Savran bir kez daha Hürriyet’teki söyleşiden hareketle Türkiye’nin Ortadoğu’daki rolü hakkında Zizek’in söylediklerinin ne “anlama geleceği” hakkında görüş belirtiyor. Felsefecilerin ne söylediği ile söylediğinin ne anlama geldiği arasında bir fark yoktur. Savran, fark yaratmıştır! (bu bir övgü değildir). Zizek’in argümanı çok açık ve kesindir: Türkiye Ortadoğu’da (Kürtler, Araplar, Ermeniler, herkes için) bir çekim merkezi olacaksa, etnik ve dinsel aidiyetlere dayanmayan bir Devlet yapısına, siyasal kurumlara sahip olmalıdır. Bu reçete, ulusu etnik bütünlük olarak tanımlayan ABD’nin Wilson’dan bu yana geleneksel ve halihazırdaki Emperyalist Ortadoğu politikasının tam zıttıdır. Radikal ve Hürriyet’teki söyleşilerin üzerine Konferansın 40 dakikasını da koyunca yukarıdaki bu koyu-italik önerme elde edilir.

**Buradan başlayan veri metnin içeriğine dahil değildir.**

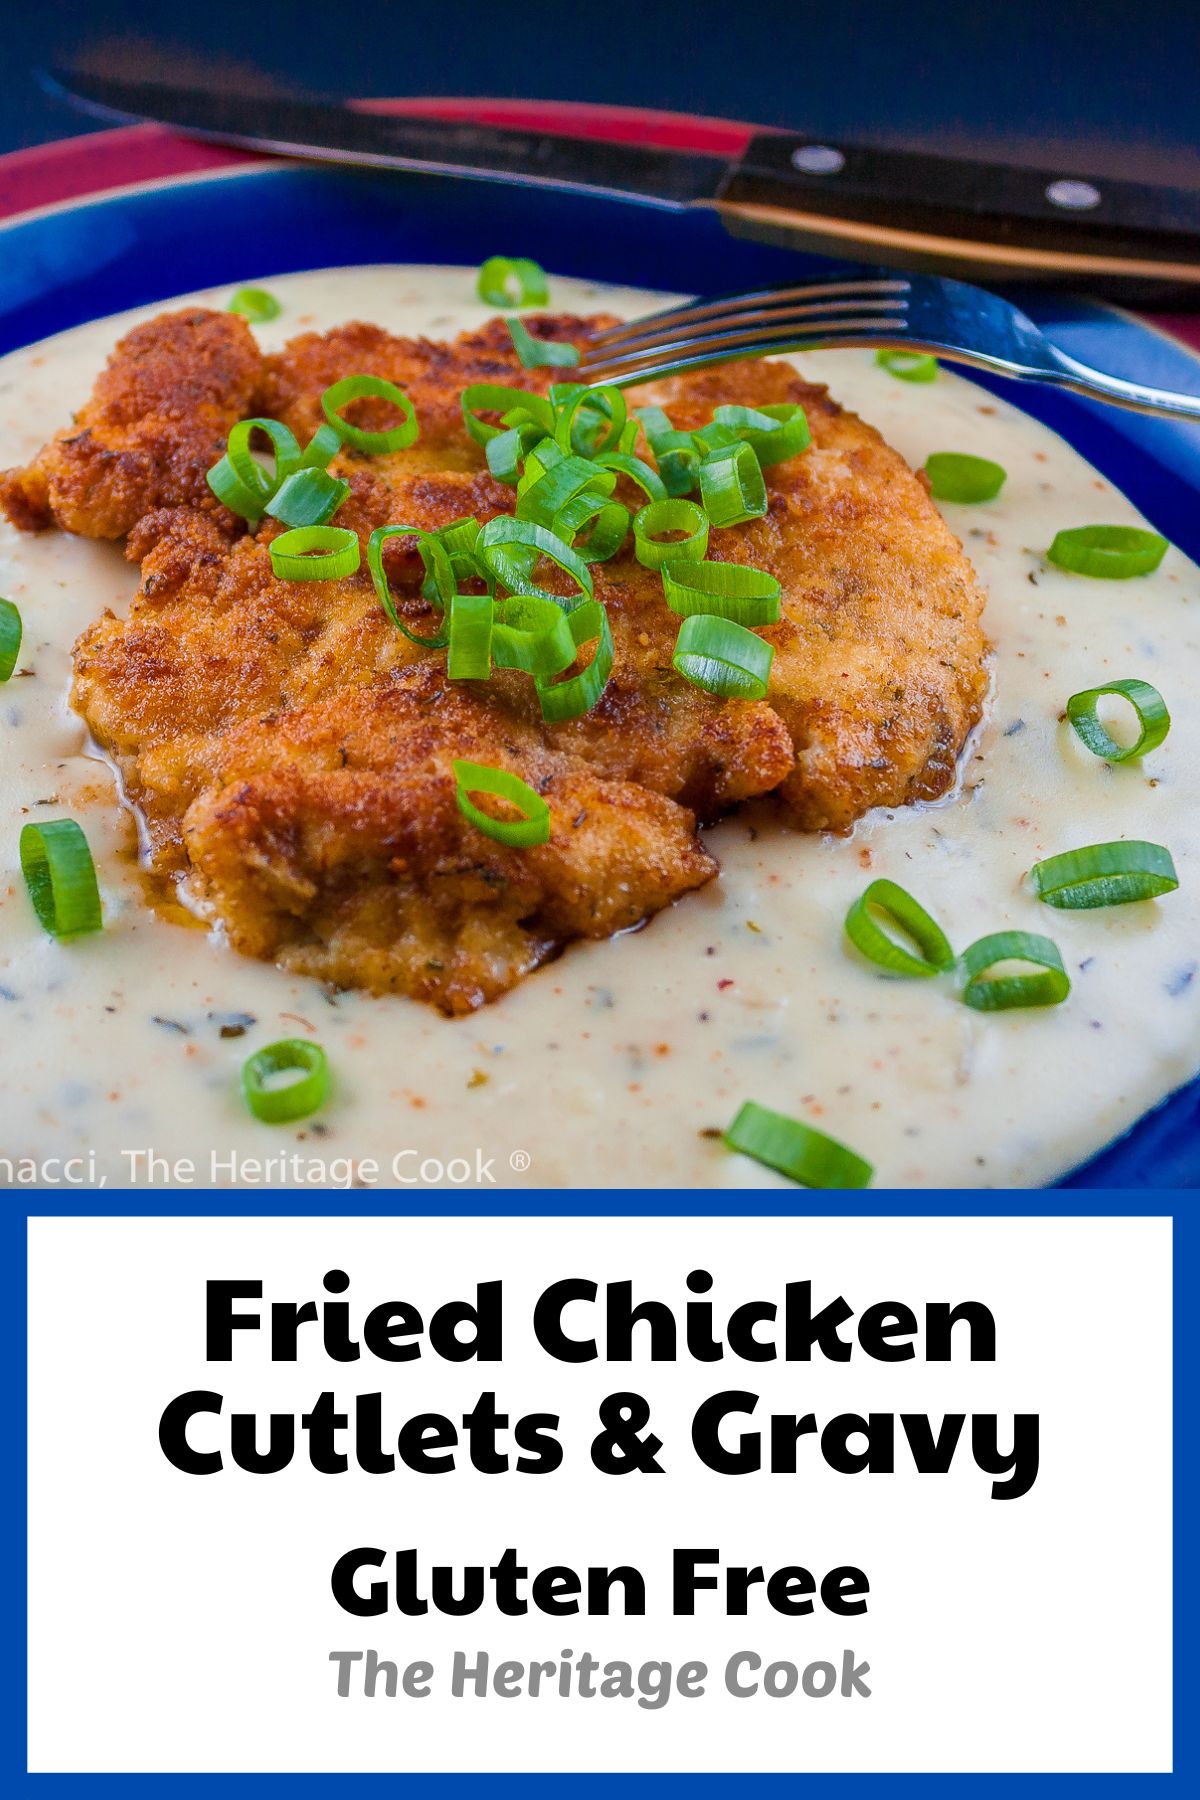 Golden fried chicken breasts resting on cream gravy and topped with green onions on blue and red plate; Fried Chicken Cutlets with Cream Gravy © 2023 Jane Bonacci, The Heritage Cook.

Çırılçıplak söylüyorum: bu önerme, neo-liberal-küreselci-yerelci-çokkültürcülük çağında beni 20 yıldır Zizek’in siyaset felsefesine hayranlıkla bağlayan Zizek’in en değerli önermelerinden biridir. Sungur Savran ile hayatımda karşılaşmadım. “İşin içinde bir aydın” (engaged intellect) olduğunu bildiğim, adını duyduğum bir kişidir ve yazısında şikayet ettiği gibi kesinlikle kendisiyle kişisel bir sorunum yoktur. Zizek’in ne söylediğini, ne söylemediğini ikimiz de biliyoruz. Çeviri tartışmalarını geçip Savran’ın Zizek hakkındaki görüşlerini tartışmaya başlamayı ben de çok istiyorum. Başlangıç olarak 2 sorum var:

Bir: Yukarıdaki önermenin doğru bir siyasi reçete olduğuna katılıyor musunuz?
İki: Zizek’in yukarıdaki önermeyi savunduğu tespitime katılıyor musunuz?